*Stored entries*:

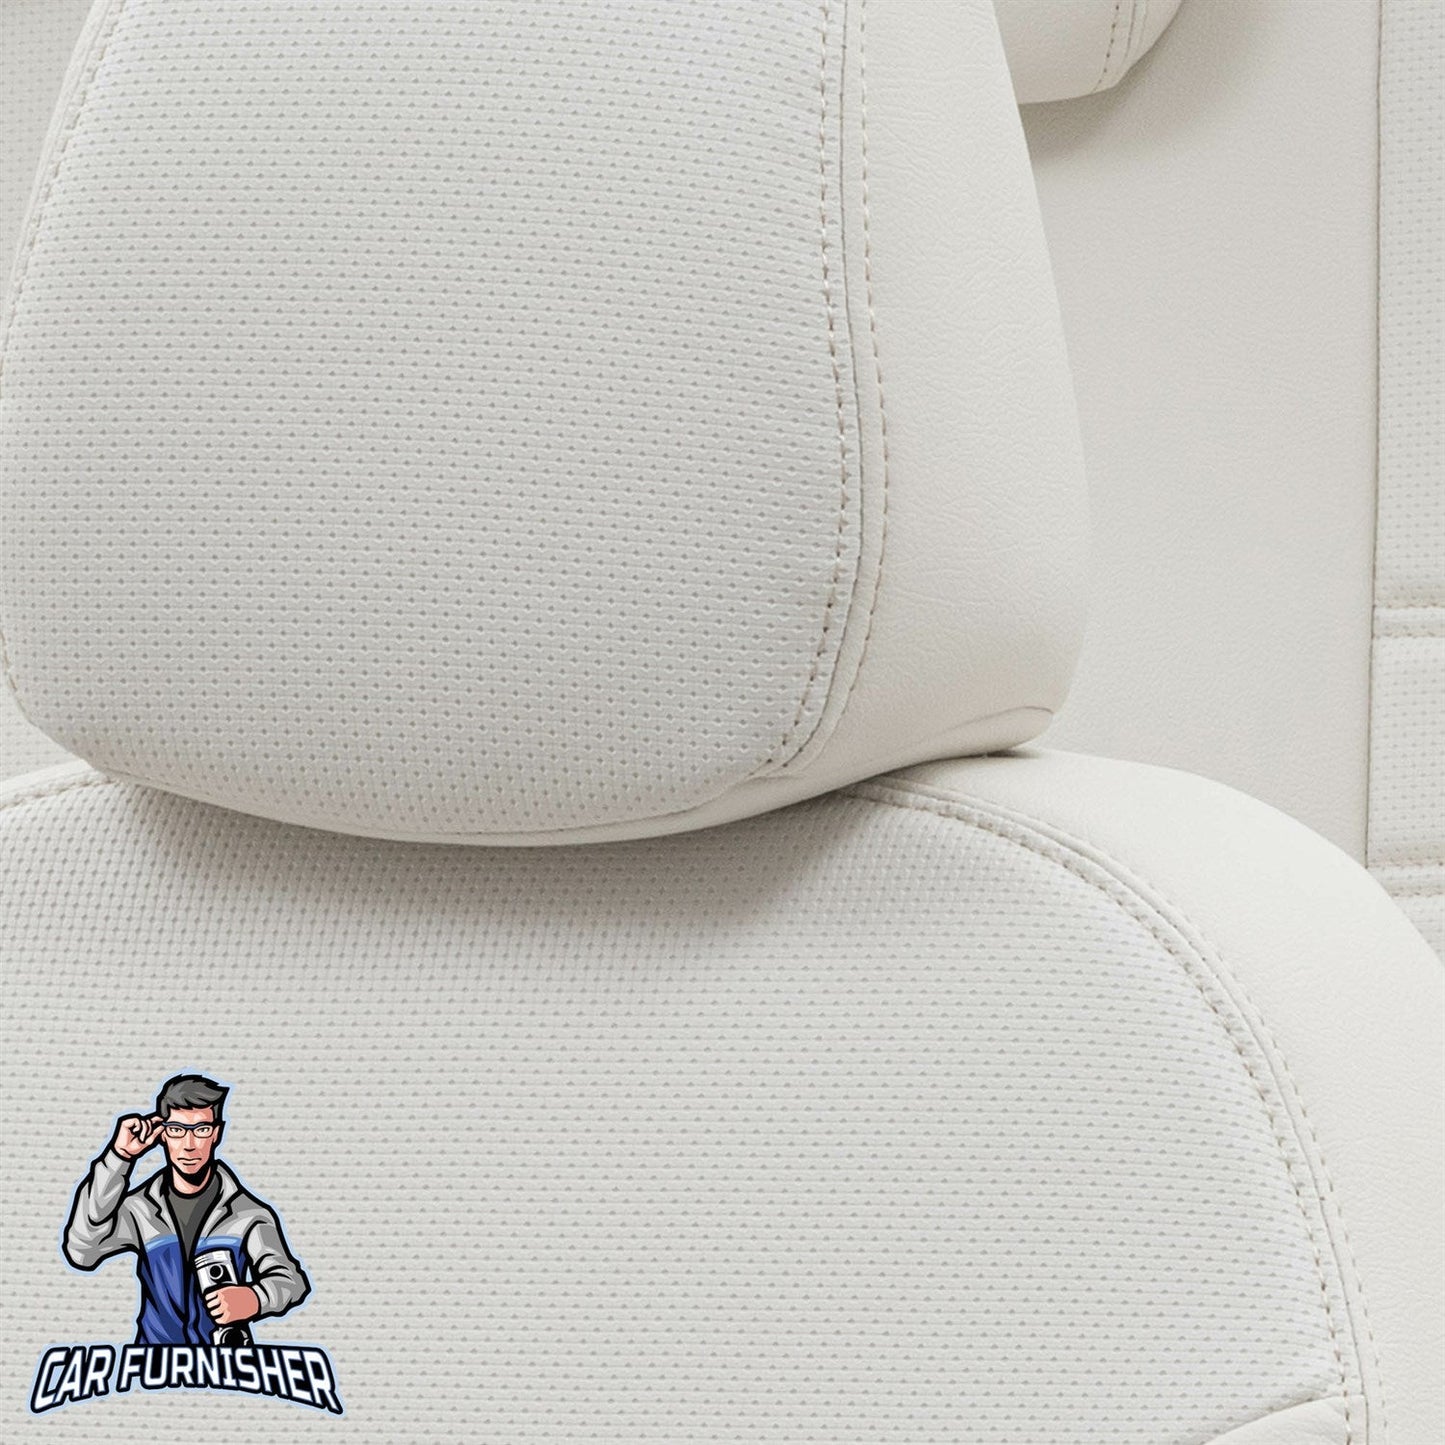 Mitsubishi Lancer Seat Covers New York Leather Design Ivory Leather
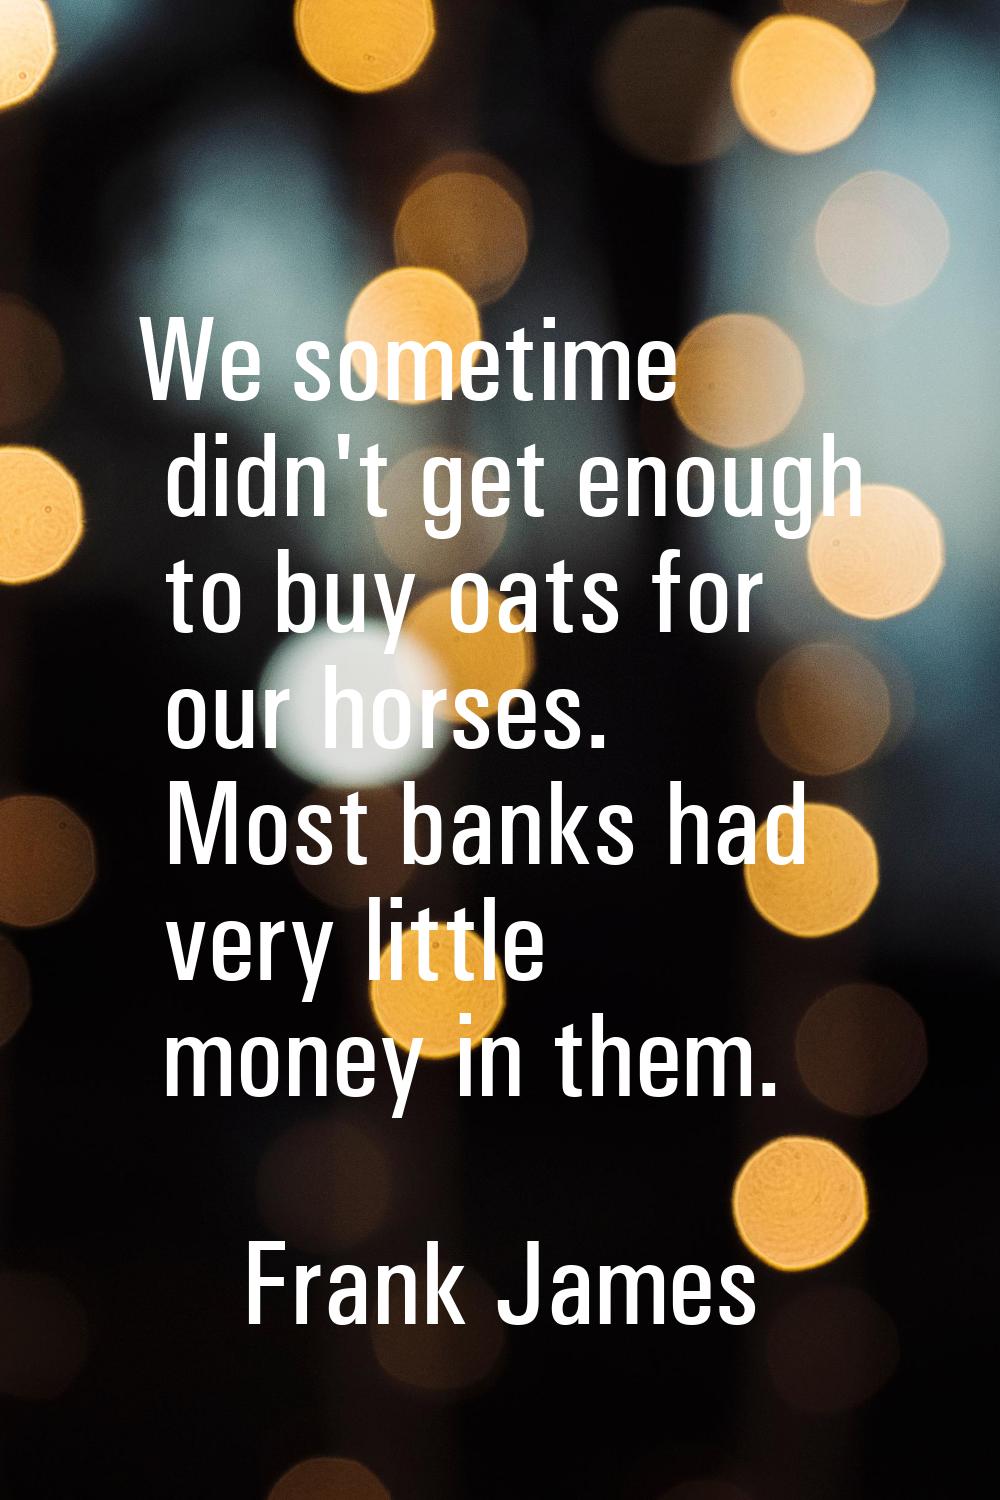 We sometime didn't get enough to buy oats for our horses. Most banks had very little money in them.
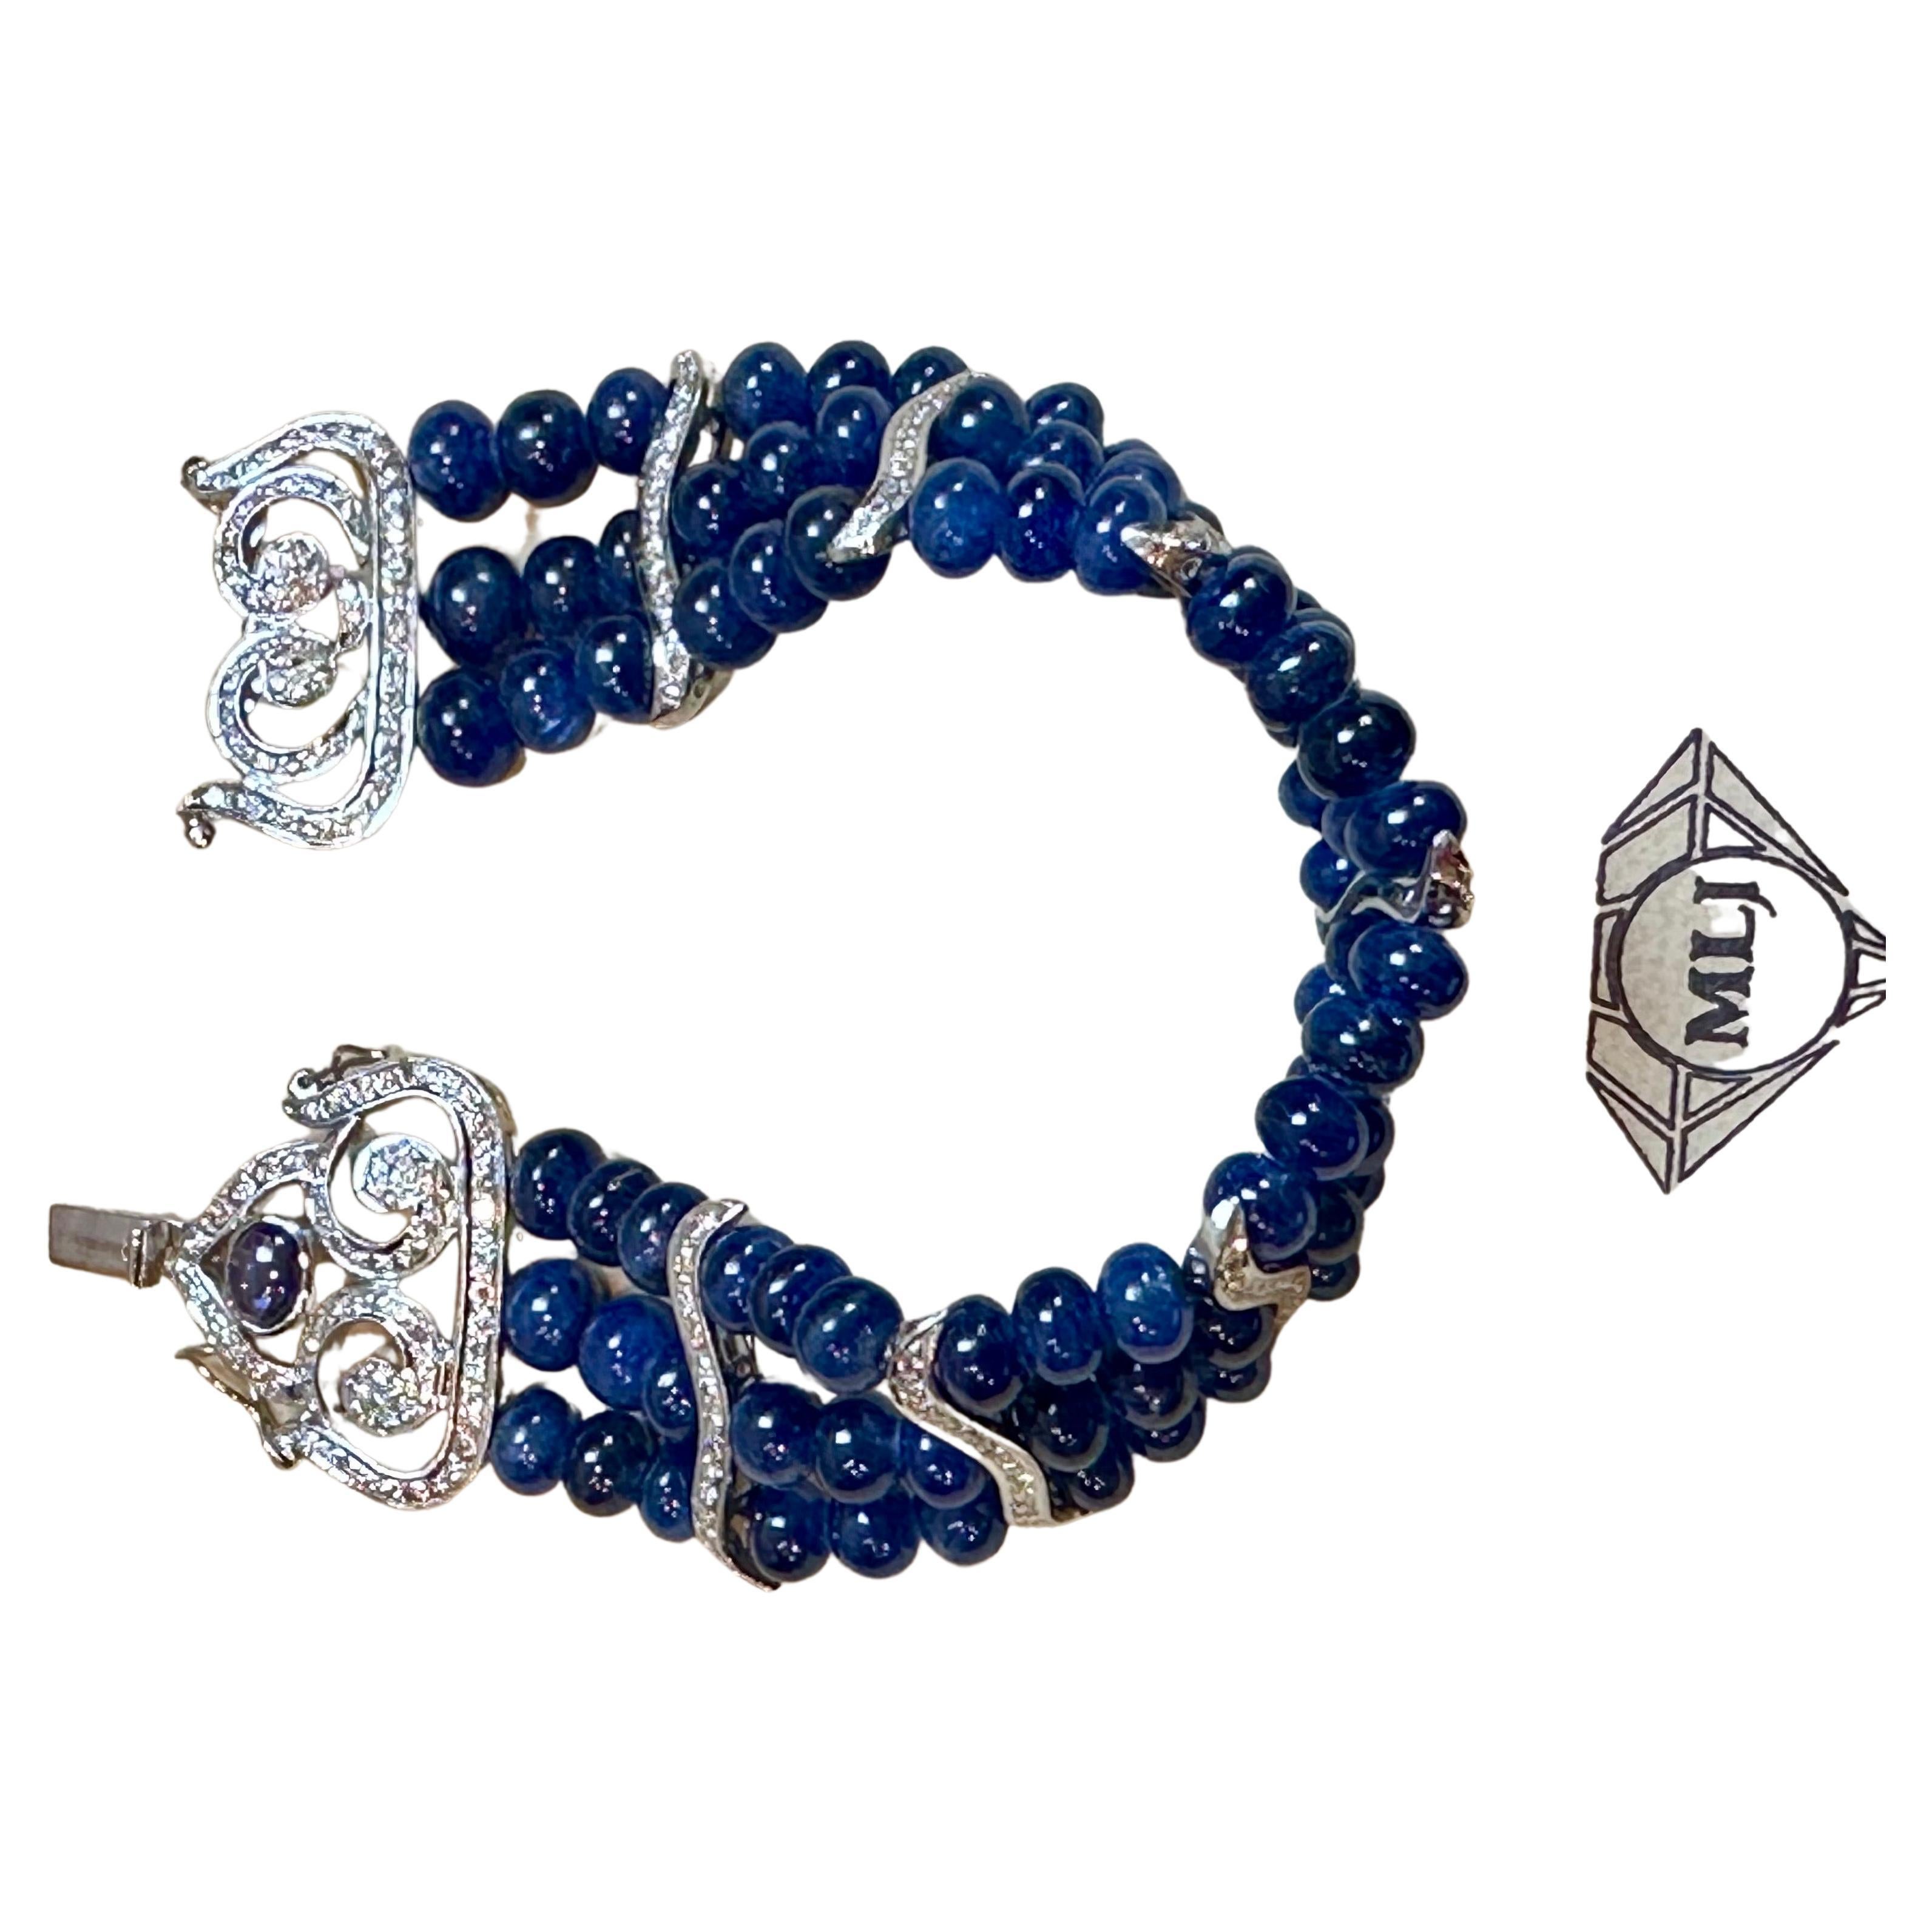 GIA Certified Burma No Heat Natural Blue Sapphire Bead & Diamond Bracelet , 18 Karat White Gold 
This exceptionally Beautiful , High Quality  bracelet has 225 Ct of GIA certified Burma Sapphire Beads with no heat Treatment

Total weight of Sapphire
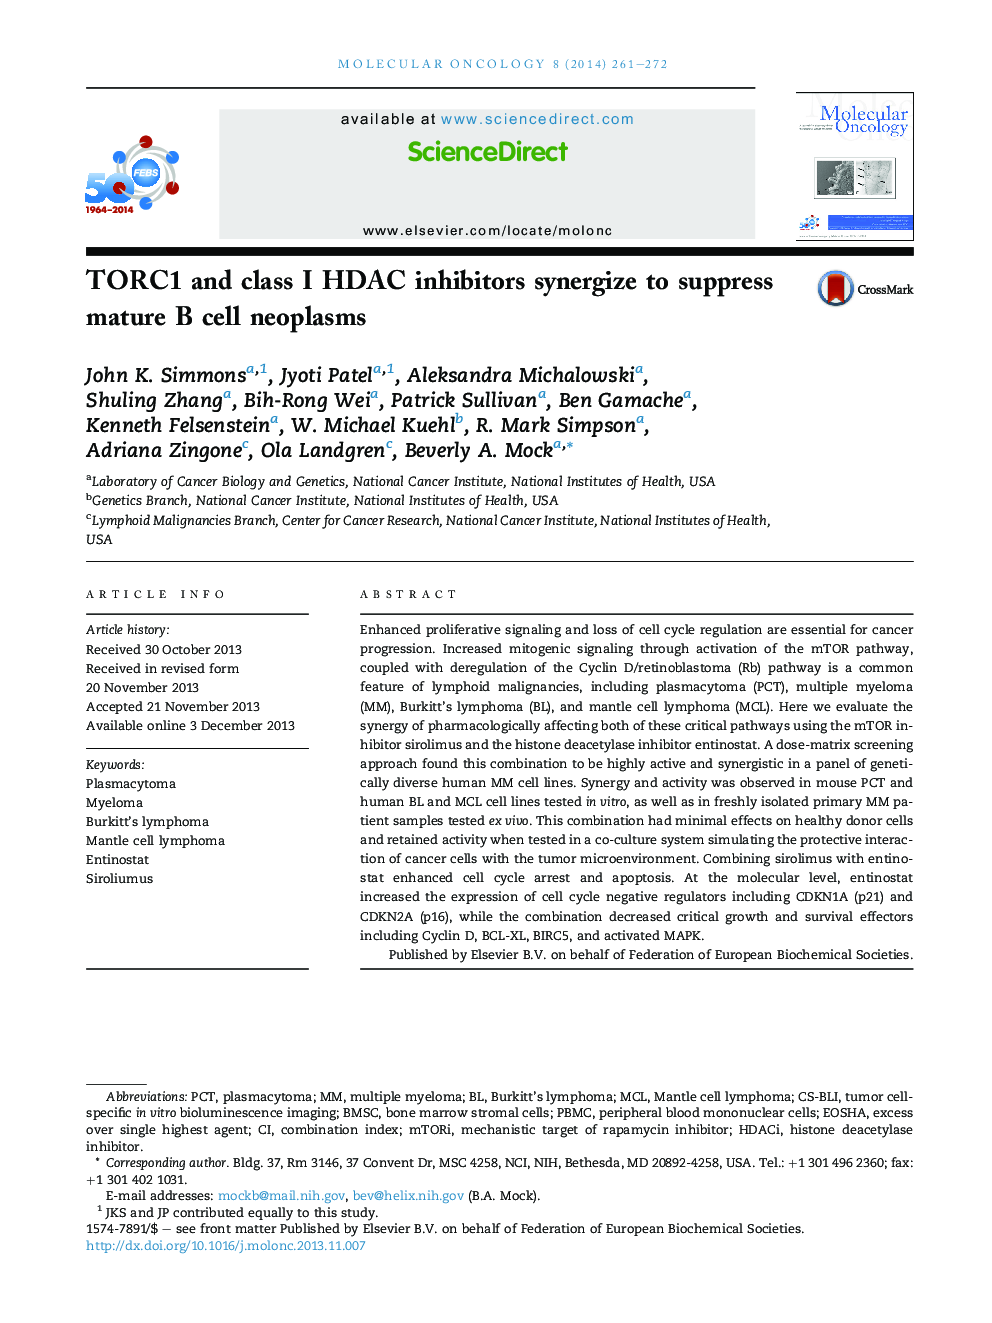 TORC1 and class I HDAC inhibitors synergize to suppress mature B cell neoplasms

*Exercise*: Each line in the records above should be reproduced exactly; images are not copied.

*Completed exercise*:
 Mitsubishi Lancer Seat Covers New York Leather Design Ivory Leather
 We sometime didn't get enough to buy oats for our horses. Most banks had very little money in them.
 GIA Certified Burma No Heat Natural Blue Sapphire Bead & Diamond Bracelet , 18 Karat White Gold 
This exceptionally Beautiful , High Quality  bracelet has 225 Ct of GIA certified Burma Sapphire Beads with no heat Treatment

Total weight of Sapphire
 TORC1 and class I HDAC inhibitors synergize to suppress mature B cell neoplasms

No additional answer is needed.